We left our horses at a kabak and walked through the squalid streets to the equally squalid railway depot where we parted, almost in silence.
“God be with you,” Mishka growled huskily. His face looked more grim than ever under the poor light of a street-lamp near, and he held my hands in a grip whose marks I bore for a week after.
He strode heavily away, never once looking back, and I turned into the depot, where I found the entrance, the ticket office, and the platform guarded by surly, unkempt soldiers with fixed bayonets. I lost count of the times I had to produce my passport; and turned a deaf ear to the insults lavished upon me by most of my interlocutors. I thought I had better resume my pretended ignorance of Russian and trust to German to carry me through, as it did. I was allowed to board one of the cars at last; they were filthy, lighted only by a candle here and there, and crowded with refugees of all classes. I was lucky to get in at all, and, though all the cars were soon crammed to their utmost capacity, it was an hour or more before the train started. Then it crawled and jolted through the darkness at a pace that I reckoned would land us at Alexandrovo somewhere about noon next day,—if we ever got there at all.
But the indescribable discomforts of that long night journey at least prevented anything in the way of coherent thought. I look back on it now as a blank interval; a curtain dropped at the end of a long and lurid act in the drama of life.

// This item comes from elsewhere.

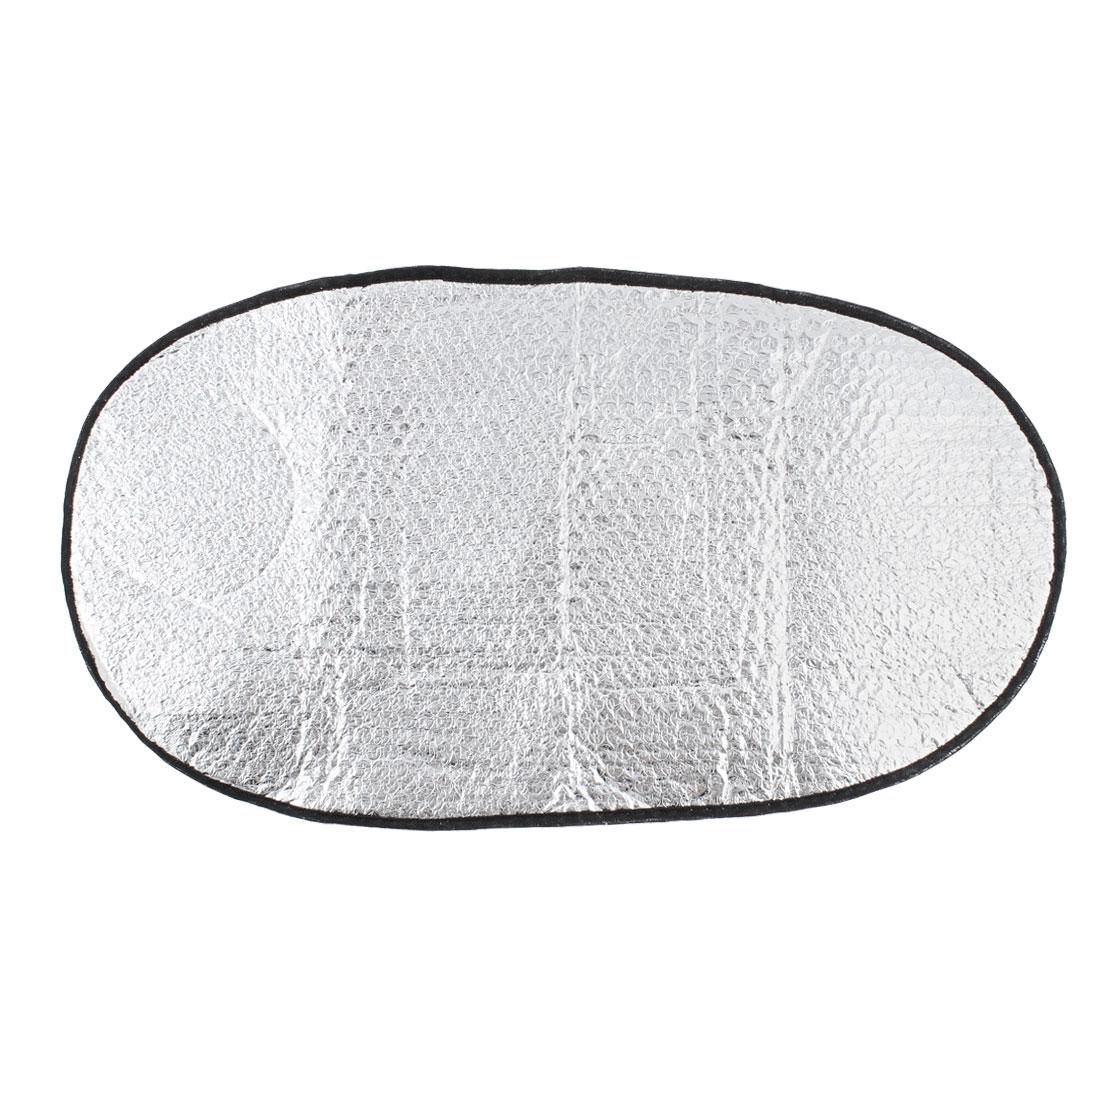 Motorcycle Heat Insulation Pad Aluminum Foil Waterproof Cushion Mat Seat Cover 60cm x 36cm

At Alexandrovo more soldiers, more hustling, more interrogations; then the barrier, and beyond,—freedom!
I’ve a hazy notion that I arrived at a big, well-lighted station, and was taken possession of by some one who hustled me into a cab; but the next thing I remember clearly was waking and finding myself in bed,—a nice clean bed, with a huge down pillow affair on top,—in a big well-furnished room. That down affair—I couldn’t remember the name of it for the moment—and the whole aspect of the room showed that I was in a German hotel; though how I got there I really couldn’t remember. I rang the bell; my hand felt so heavy that I could scarcely lift it as far, and it looked curiously thin, with blue marks, like faint bruises on it, and the veins stood out.
A plump, comfortable looking woman, in a nurse’s uniform, bustled in; and beamed at me quite affectionately.
“Now, this is better! Yes, I said it would be so!” she exclaimed in German. “You feel quite yourself again, but weak,—yes, that is only to be expected—”
“Will you be so good as to tell me where I am?” I asked, as politely as I knew how; staring at her, and wondering if I’d ever seen her before.
“Oh, you men! No sooner do you find your tongue and your senses than you begin to ask questions! And yet you say it is women who are the talkers!” she answered, with a kind of ponderous archness. “You are at the Hotel Reichshof to be sure; and being well taken care of. The head?” she touched my forehead with her firm, cool fingers. “It hurts no more? Ah, it has healed beautifully; I did well to remove the strappings yesterday. There will be a scar, yes, but that cannot be helped. And now you are hungry? Ah, we will soon set that right! It is as I said, though even the doctor would not believe me. The wounds are nothing,—so to speak; the exhaustion was the mischief. You came through from Russia? What times they are having there! You were fortunate to get through at all. Yes, you are a very fortunate man, and an excellent patient; therefore you shall have some breakfast!”